Dover Reekers

Personal information
- Full name: Darron John Reekers
- Born: 26 May 1973 (age 53) Christchurch, New Zealand
- Batting: Right-handed
- Bowling: Right-arm medium
- Role: Opening batsman

International information
- National side: Netherlands (2006–2009);
- ODI debut (cap 28): 4 July 2006 v Sri Lanka
- Last ODI: 8 April 2009 v Bermuda
- ODI shirt no.: 16
- T20I debut (cap 5): 2 August 2008 v Kenya
- Last T20I: 5 August 2008 v Ireland
- T20I shirt no.: 16

Domestic team information
- 1994/95–1995/96: Canterbury
- 1997/98: Otago
- 1999/00–2001/02: Canterbury

Career statistics
| Competition | ODI | T20I | FC | LA |
| Matches | 19 | 6 | 6 | 82 |
| Runs scored | 481 | 64 | 129 | 1,366 |
| Batting average | 25.31 | 12.80 | 14.33 | 18.71 |
| 100s/50s | 1/0 | 0/0 | 0/0 | 1/4 |
| Top score | 104 | 29 | 33* | 104 |
| Balls bowled | 510 | – | 492 | 2,423 |
| Wickets | 13 | – | 12 | 51 |
| Bowling average | 33.53 | – | 23.08 | 35.62 |
| 5 wickets in innings | 0 | – | 0 | 0 |
| 10 wickets in match | 0 | – | 0 | 0 |
| Best bowling | 3/54 | – | 3/25 | 3/41 |
| Catches/stumpings | 7/– | 2/– | 5/– | 31/1 |
- Source: Cricinfo, 13 June 2009

= Darron Reekers =

Dutch cricketer (born 1973)

Darron John Reekers (born 26 May 1973) is a New Zealand former cricketer who represented the Netherlands national cricket team. He was a right-handed batsman and right-arm medium pace bowler.

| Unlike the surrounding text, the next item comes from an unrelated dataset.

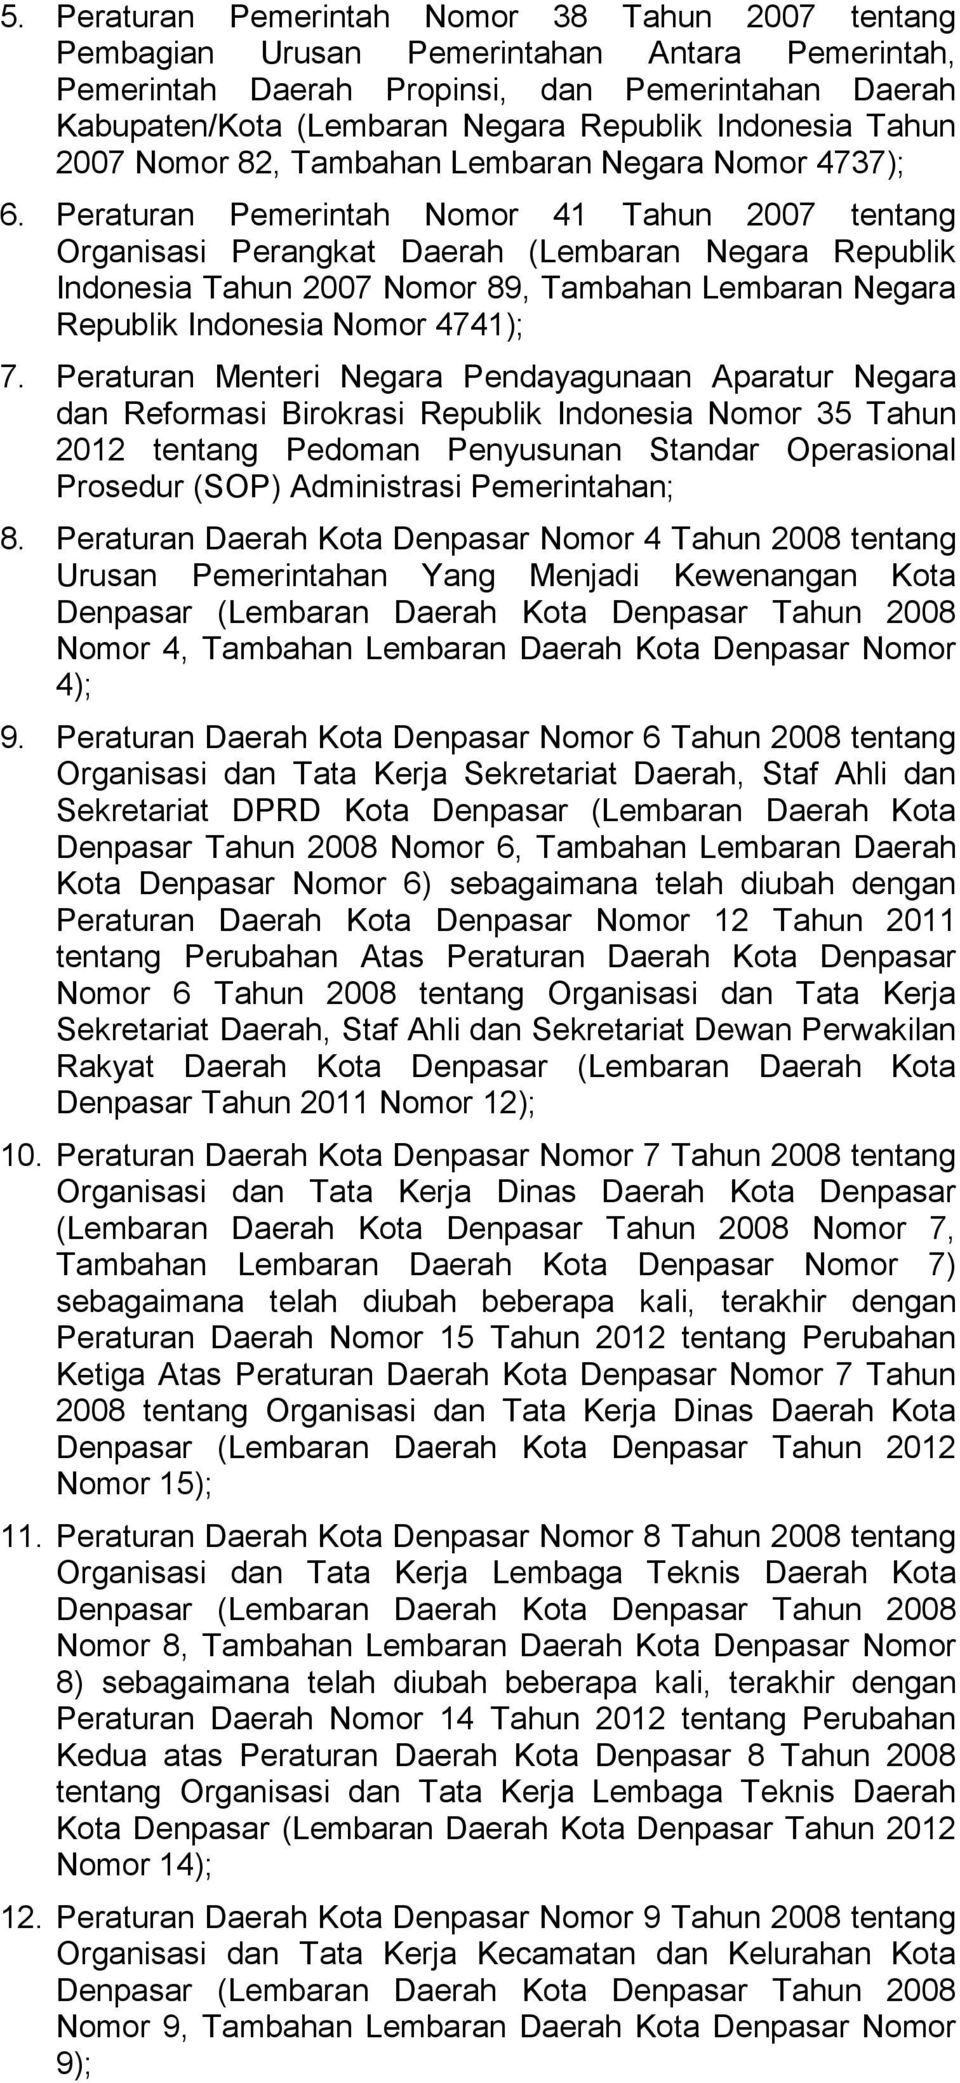 Peraturan Pemerintah Nomor 41 Tahun 2007 tentang Organisasi Perangkat Daerah (Lembaran Negara Republik Indonesia Tahun 2007 Nomor 89, Tambahan Lembaran Negara Republik Indonesia Nomor 4741); 7.

Reekers, born in Christchurch in 1973, attended St Thomas of Canterbury College. He began his cricket career with Canterbury in the 1991–92 season, making his senior debut in December 1994. Reekers played eight List A matches for Canterbury in 1994–95 and two the following season. He then moved to Otago for the 1997–98 season, where he played 10 List A and three first-class matches, marking the only domestic first-class games of his career.

Reekers made his debut for the Netherlands national cricket team in 2001 and became eligible for international competition in 2004. He played in the 2004 ICC Six Nations Challenge and made his One Day International (ODI) debut in 2006. Reekers played 19 ODIs and six Twenty20 Internationals for the team, retiring in 2009. He also played for Quick Haag in the Dutch Topklasse league from 1998 to 2009 before retiring and returning to New Zealand.